:: What you should do ::
Please copy out the full listing that follows exactly; no picture belongs in the copy.

:: Collected data ::
-.-.-
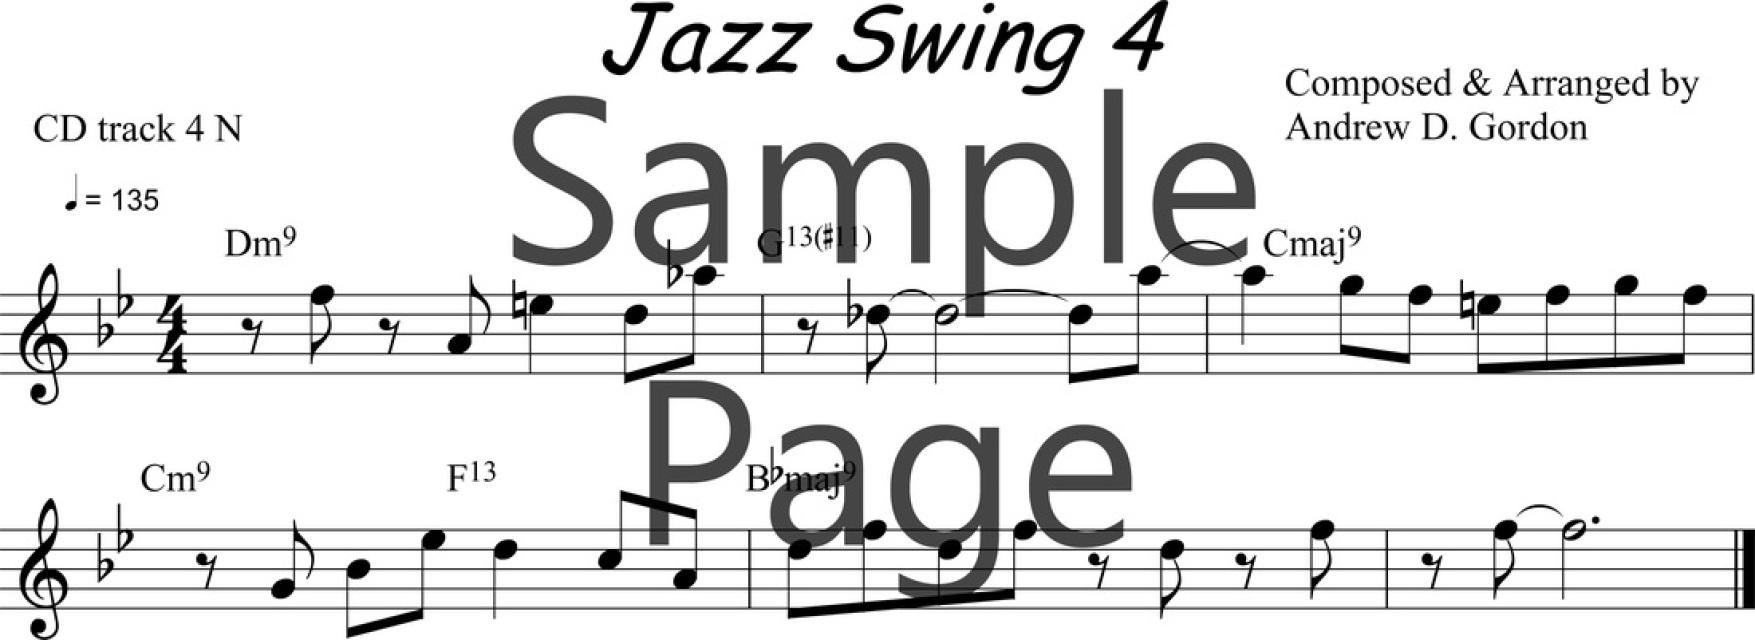 Lesson 4 PDF/MP3/MIDI/MP4video file ADG037-04 Bb version
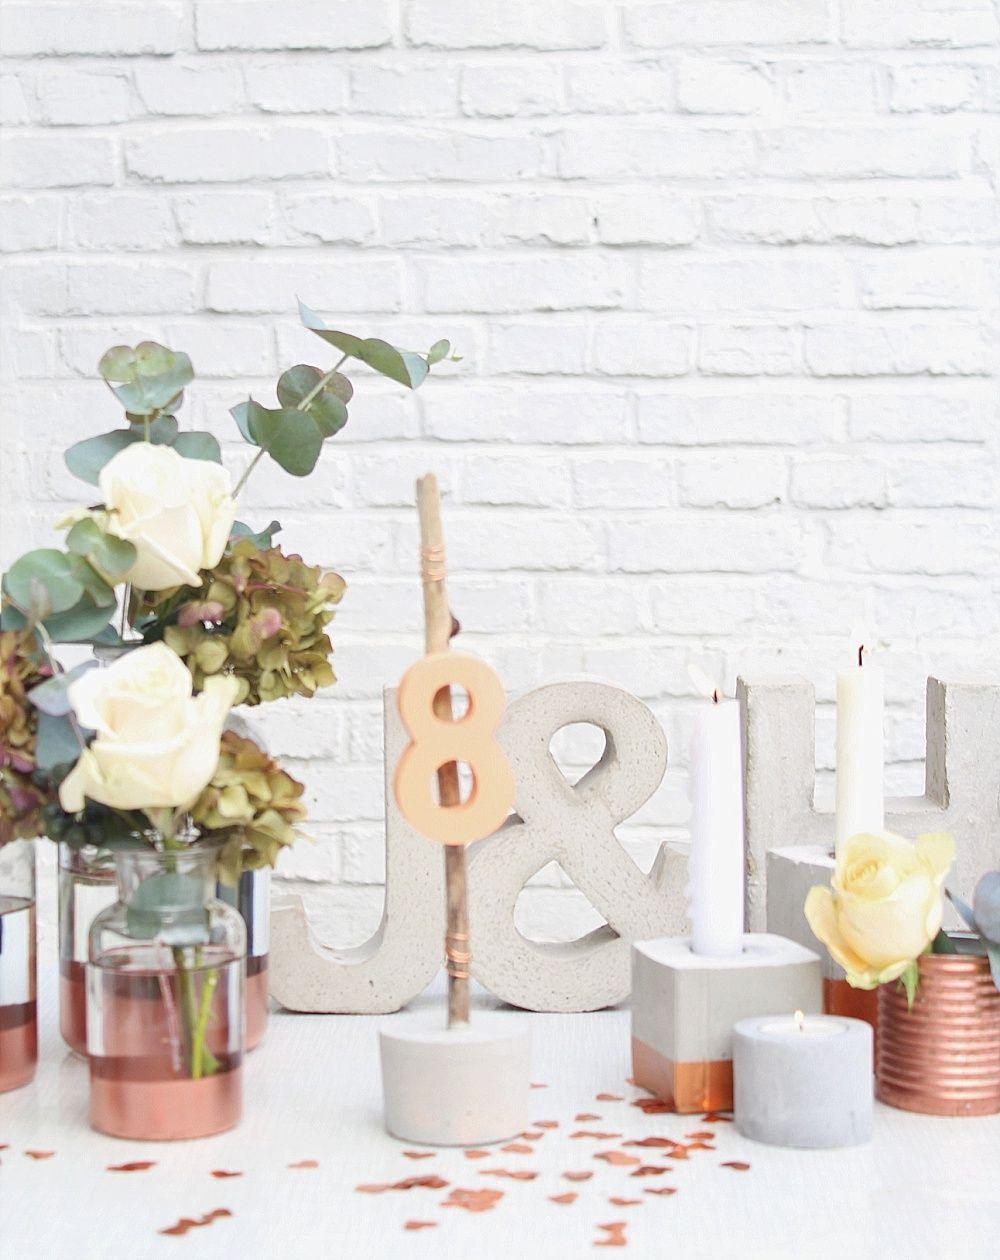 Hochzeitsdekoration leihen von vintage geschirr ber Hochzeitsdekoration
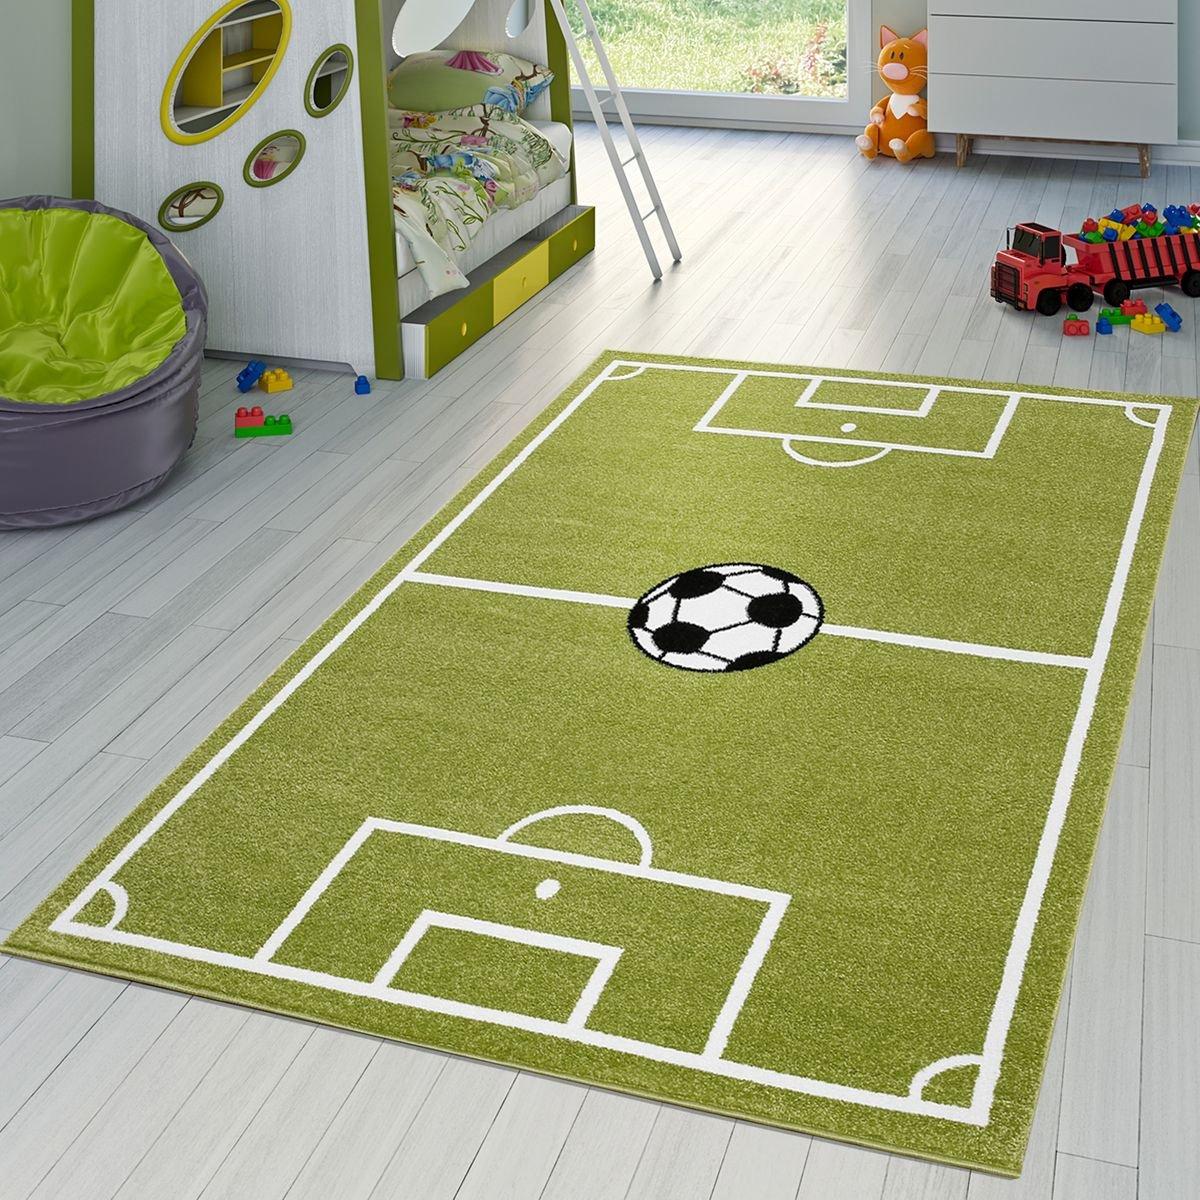 T&T Design Kinder Teppich Fußball Spielen Kinderzimmerteppiche Fußballplatz in Grün Creme, Größe 200x280 cm
-.-.-
:: Exercise answer ::
 Lesson 4 PDF/MP3/MIDI/MP4video file ADG037-04 Bb version
 Hochzeitsdekoration leihen von vintage geschirr ber Hochzeitsdekoration
 T&T Design Kinder Teppich Fußball Spielen Kinderzimmerteppiche Fußballplatz in Grün Creme, Größe 200x280 cm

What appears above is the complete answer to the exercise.